By Rob Christopher in Arts & Entertainment on Apr 21, 2010 2:40PM

2010_4_21moviefutures.jpg
from "Floored," a film by James Allen Smith
An inevitable confirmation of the obvious: Hollywood movies only exist in order to make money. On Friday, the Commodities Futures Trading Commission approved a proposal to establish Trend Exchange, a futures market for entertainment that would be run out of Chicago. Pending approval by the CFTC, the first products to be offered would be options and futures contracts on opening weekend domestic box office sales by MPAA feature films. As the company states on their website, "The creation of a regulated marketplace for these options and futures products will improve risk transfer opportunities and provide price discovery information in the public interest." Translation: it's time for us all to place our bets on which movies will make a pile of dough opening weekend, since that's all that seems to matter anymore.

As you might imagine, the MPAA is not exactly thrilled at the idea. Their lobbying group has been working behind the scenes to stop any movies futures markets dead in their tracks.

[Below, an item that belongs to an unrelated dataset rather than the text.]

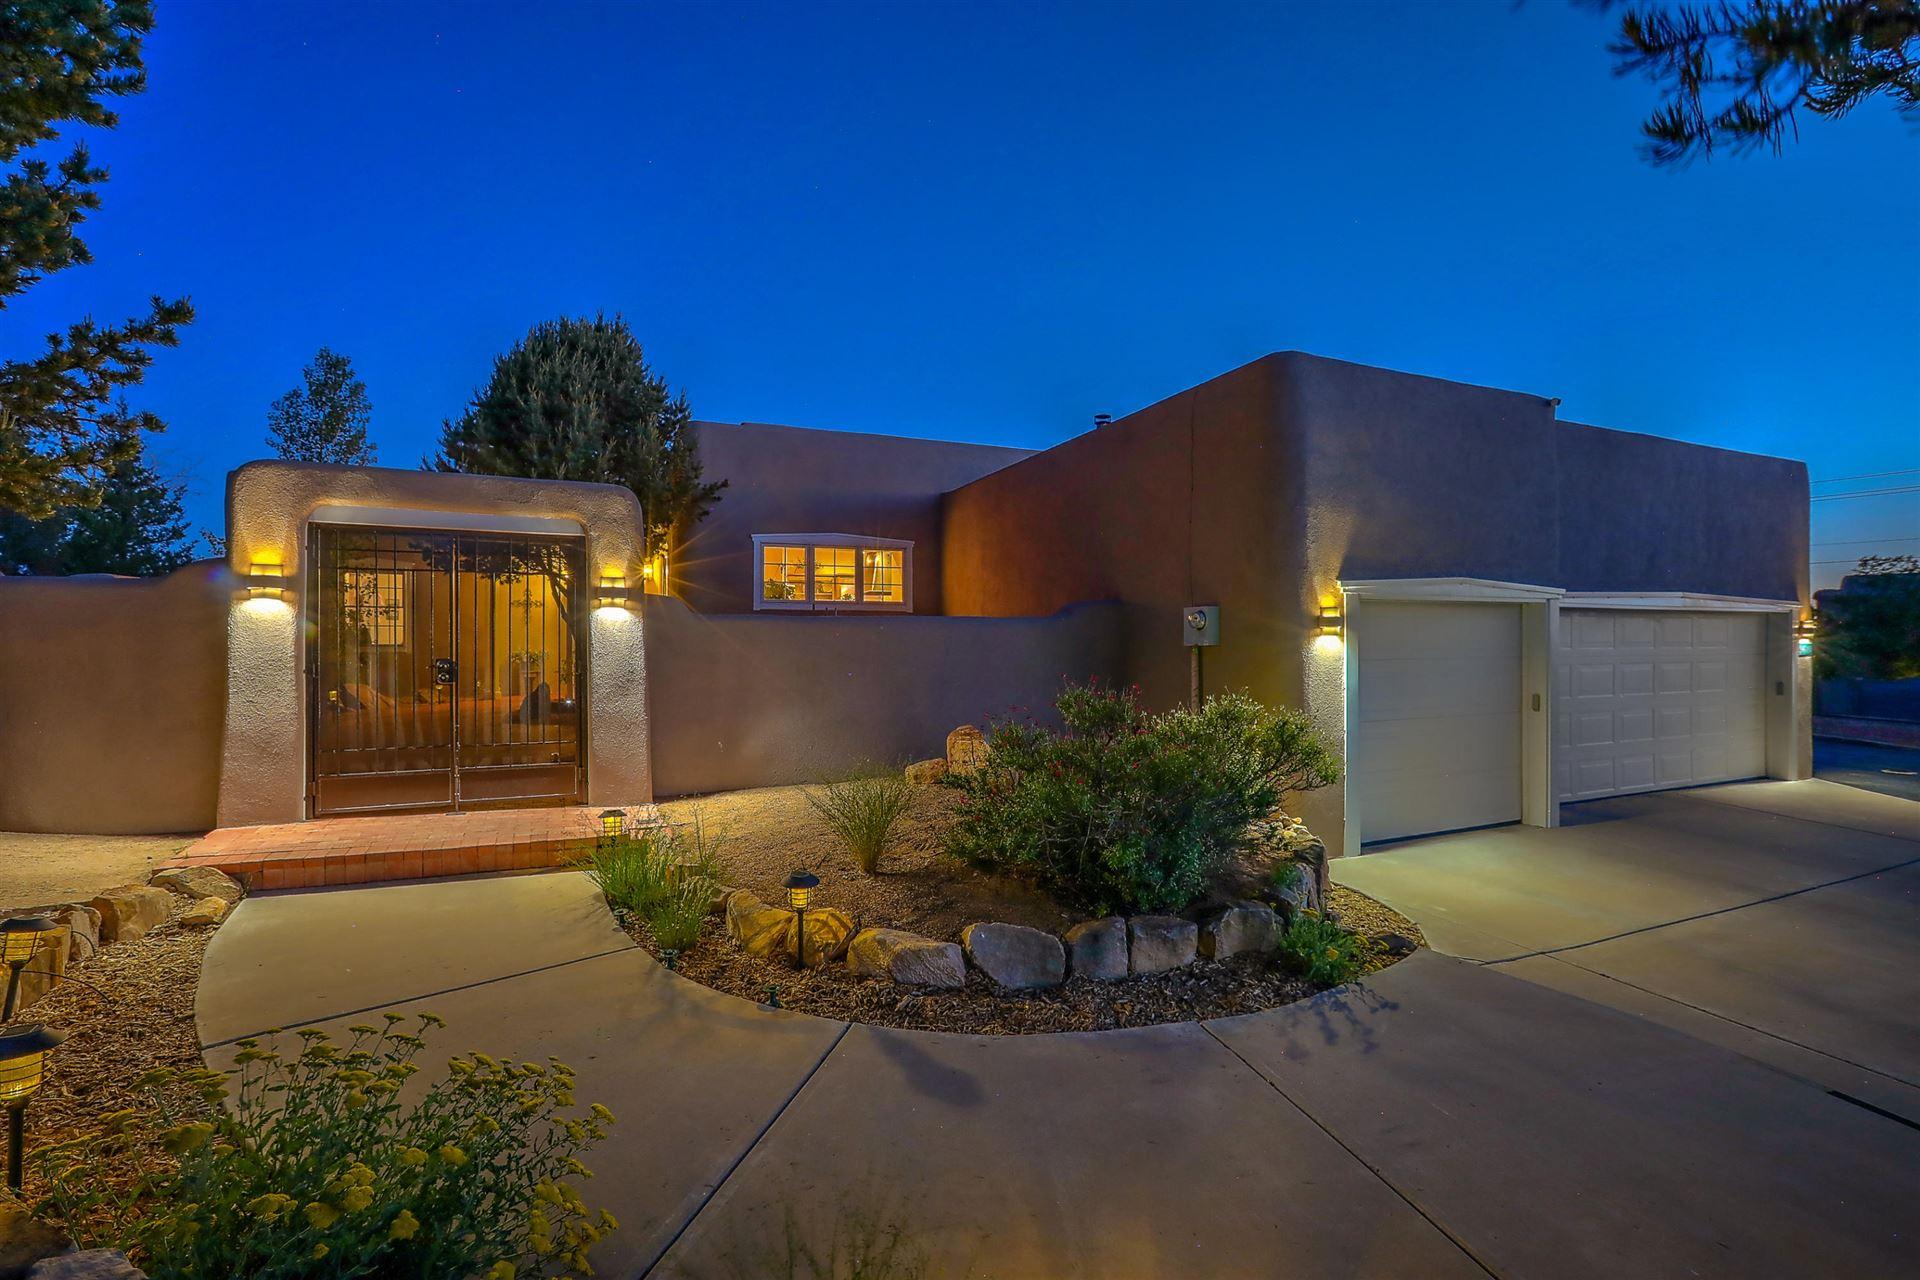 Photo of 9600 WILSHIRE Avenue NE, Albuquerque, NM 87122 (MLS # 968858)

A bill introduced by Senator Blanche Lincoln (D-Ark.) would ban such trading.

But filmmaker James Allen Smith, whose documentary Floored about the Chicago Board of Trade will get an encore presentation at the Siskel next month, seems open to the idea. Smith says, "I think that it's really tough to make a film. I think it's tougher to make it with piracy and an influx of home theatres and less and less people willing to go to the theatre." The thinking is that film investors and theatre operators could hedge their bets when it comes to upcoming releases. Uh, right. To us the whole idea sounds like just a novel way for some hustlers on the margins to profit from the creative work of filmmakers, yet another sign that increasingly "art" is simply another commodity.